Subclade distribution

A00 (A00-AF6)

Mendez et al. (2013) announced the discovery of a previously unknown haplogroup, for which they proposed the designator "A00".[30] It has an estimated age of around 270 kya,[10][11] so postdates apppearance of anatomically modern humans, such as Jebel Irhoud.[31]

A00 is also sometimes known as "Perry's Y-chromosome" (or simply "Perry's Y"). This previously unknown haplogroup was discovered in 2012, in the Y chromosome of an African-American man, who had submitted his DNA for commercial genealogical analysis.[32]) The subsequent discovery of other males belonging to A00 led to the reclassification of Perry's Y as A00a (A-L1149).

Researchers later found A00 was possessed by 11 Mbo males of Western Cameroon (out of a sample of 174 (6.32%).[33] Subsequent research suggested that the overall rate of A00 was even higher among the Mbo, i.e. 9.3% (8 of 86) were later found to fall within A00b (A-A4987).

Further research in 2015 indicates that the modern population with the highest concentration of A00 is the Bangwa (or Nweh), a Yemba-speaking group of Cameroon (fr:Bangoua (peuple)): 27 of 67 (40.3%) samples were positive for A00a (L1149). One Bangwa individual did not fit into either A00a or A00b.[34]

Geneticists sequenced genome-wide DNA data from four people buried at the site of Shum Laka in Cameroon between 8000–3000 years ago, who were most genetically similar to Mbuti pygmies. One individual carried the deeply divergent Y chromosome haplogroup A00.[35]

A0 (A-V1408)

A1 (A-P305)

A1 (P305; previously known as A0 and A1b) is found at high density only in Bakola Pygmies (South Cameroon), at 8.3% in Southern Egyptians and at 1.5%.[6] Also found in Ghana.[7]

A1a (A-M31)

The subclade A1a (M31) has been found in approximately 2.8% (8/282) of a pool of seven samples of various ethnic groups in Guinea-Bissau, especially among the Papel-Manjaco-Mancanha (5/64 = 7.8%).[15] In an earlier study published in 2003, Gonçalves et al. have reported finding A1a-M31 in 5.1% (14/276) of a sample from Guinea-Bissau and in 0.5% (1/201) of a pair of samples from Cabo Verde.[36] The authors of another study have reported finding haplogroup A1a-M31 in 5% (2/39) of a sample of Mandinka from Senegambia and 2% (1/55) of a sample of Dogon from Mali.[16] Haplogroup A1a-M31 also has been found in 3% (2/64) of a sample of Berbers from Lybia[20] and 2.3% (1/44) of a sample of unspecified ethnic affiliation from Mali.[19]

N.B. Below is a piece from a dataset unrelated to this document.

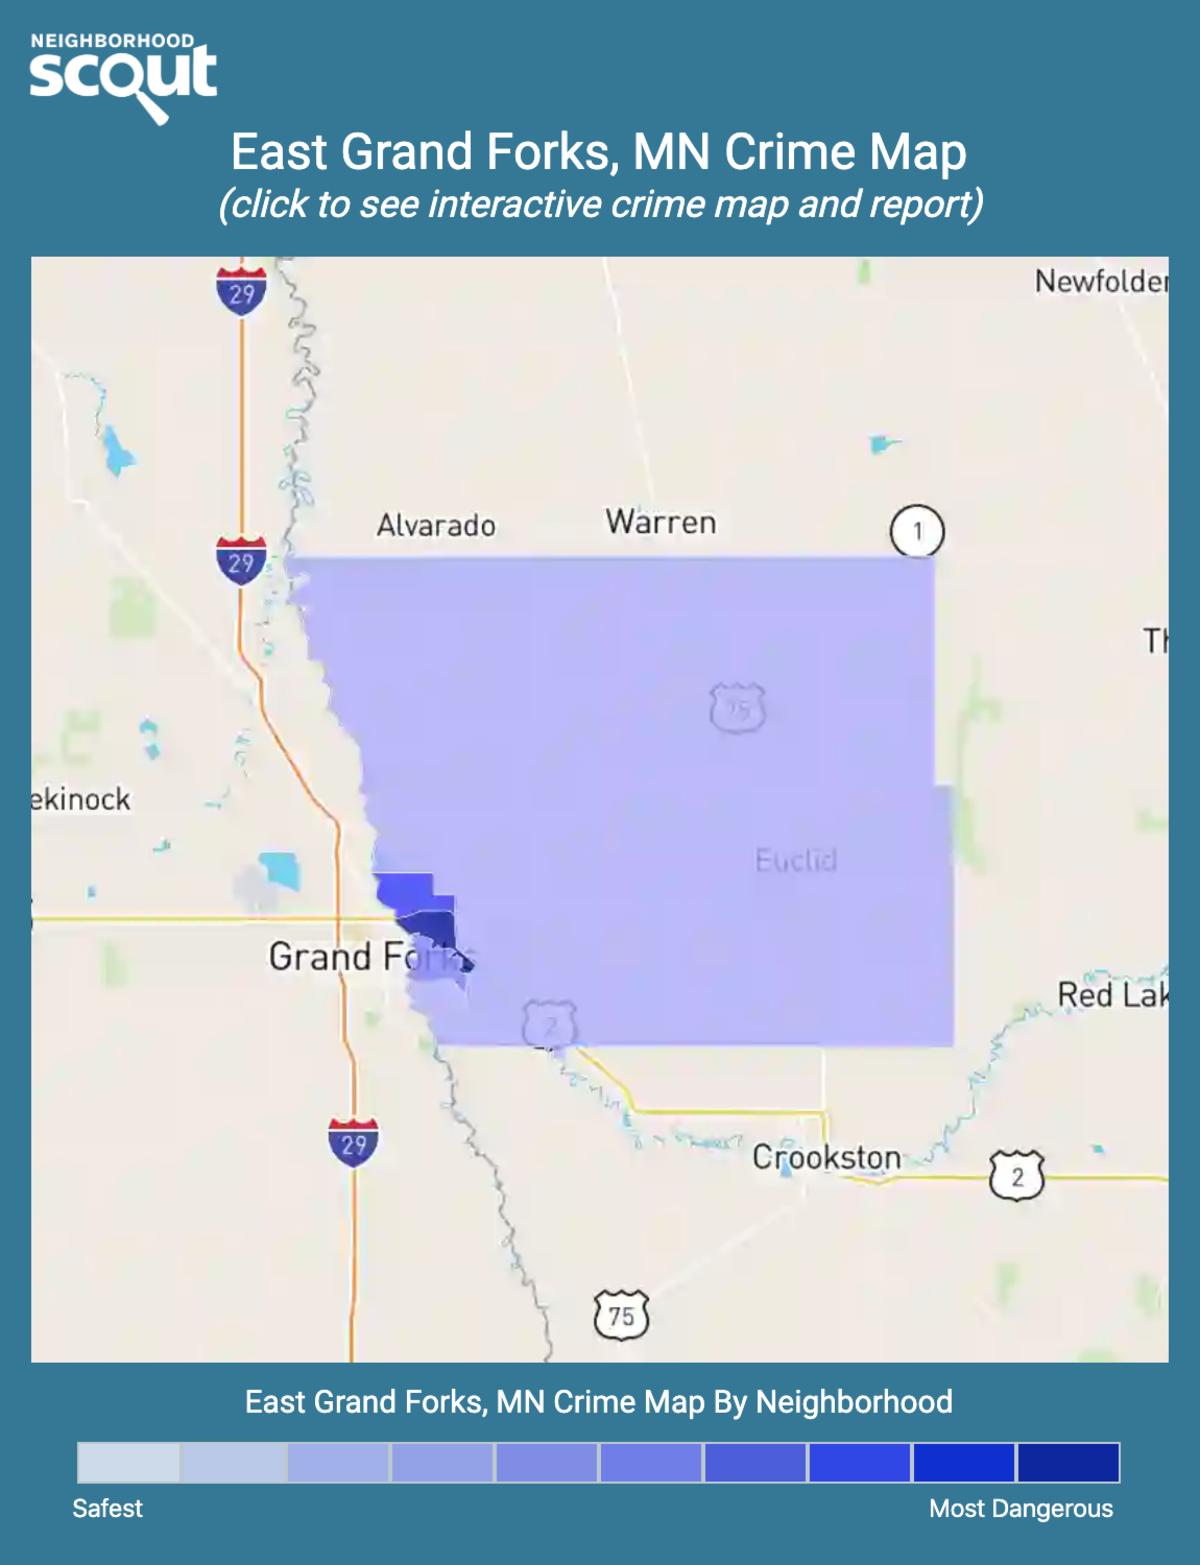 East Grand Forks, Minnesota crime map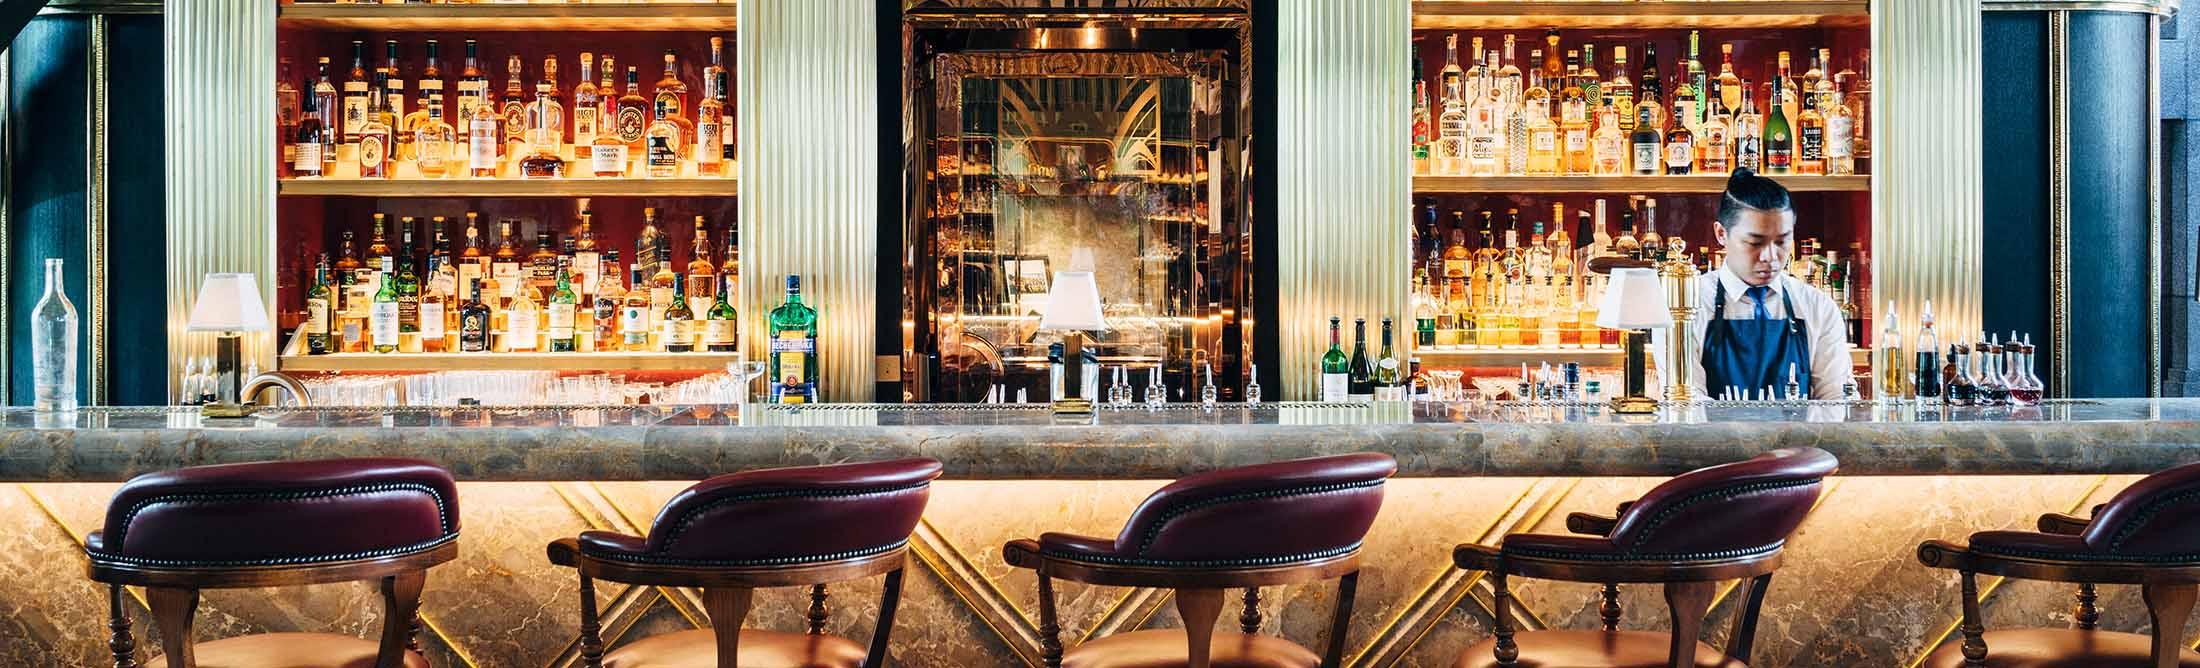 Atlas Bar: el mejor bar de Singapur

In 2007, seven men from Yorkshire, England sharing the unusual surname Revis were identified as being from the A1a (M31) subclade. It was discovered that these men had a common male-line ancestor from the 18th century, but no previous information about African ancestry was known.[25]

A1b1a1a (A-M6)

The subclade A1b1a1a (M6; formerly A2 and A1b1a1a-M6) is typically found among Khoisan peoples. The authors of one study have reported finding haplogroup A-M6(xA-P28) in 28% (8/29) of a sample of Tsumkwe San and 16% (5/32) of a sample of !Kung/Sekele, and haplogroup A2b-P28 in 17% (5/29) of a sample of Tsumkwe San, 9% (3/32) of a sample of !Kung/Sekele, 9% (1/11) of a sample of Nama, and 6% (1/18) of a sample of Dama.[16] The authors of another study have reported finding haplogroup A2 in 15.4% (6/39) of a sample of Khoisan males, including 5/39 A2-M6/M14/M23/M29/M49/M71/M135/M141(xA2a-M114) and 1/39 A2a-M114.[19]

A1b1b (A-M32)

The clade A1b1b (M32; formerly A3) contains the most populous branches of haplogroup A and is mainly found in Eastern Africa and Southern Africa.

A1b1b1 (A-M28)

The subclade A1b1b1 (M28; formerly A3a) has only been rarely observed in the Horn of Africa. In 5% (1/20) of a mixed sample of speakers of South Semitic languages from Ethiopia,[16] 1.1% (1/88) of a sample of Ethiopians,[19] and 0.5% (1/201) in Somalis.[12]

A1b1b2a (A-M51)

The subclade A1b1b2a (M51; formerly A3b1) occurs most frequently among Khoisan peoples (6/11 = 55% Nama,[16] 11/39 = 28% Khoisan,[19] 7/32 = 22% !Kung/Sekele,[16] 6/29 = 21% Tsumkwe San,[16] 1/18 = 6% Dama[16]). However, it also has been found with lower frequency among Bantu peoples of Southern Africa, including 2/28 = 7% Sotho–Tswana,[16] 3/53 = 6% non-Khoisan Southern Africans,[19] 4/80 = 5% Xhosa,[16] and 1/29 = 3% Zulu.[16]

A1b1b2b (A-M13)

The subclade A1b1b2b (M13; formerly A3b2) is primarily distributed among Nilotic populations in East Africa and northern Cameroon. It is different from the A subclades that are found in the Khoisan samples and only remotely related to them (it is actually only one of many subclades within haplogroup A). This finding suggests an ancient divergence.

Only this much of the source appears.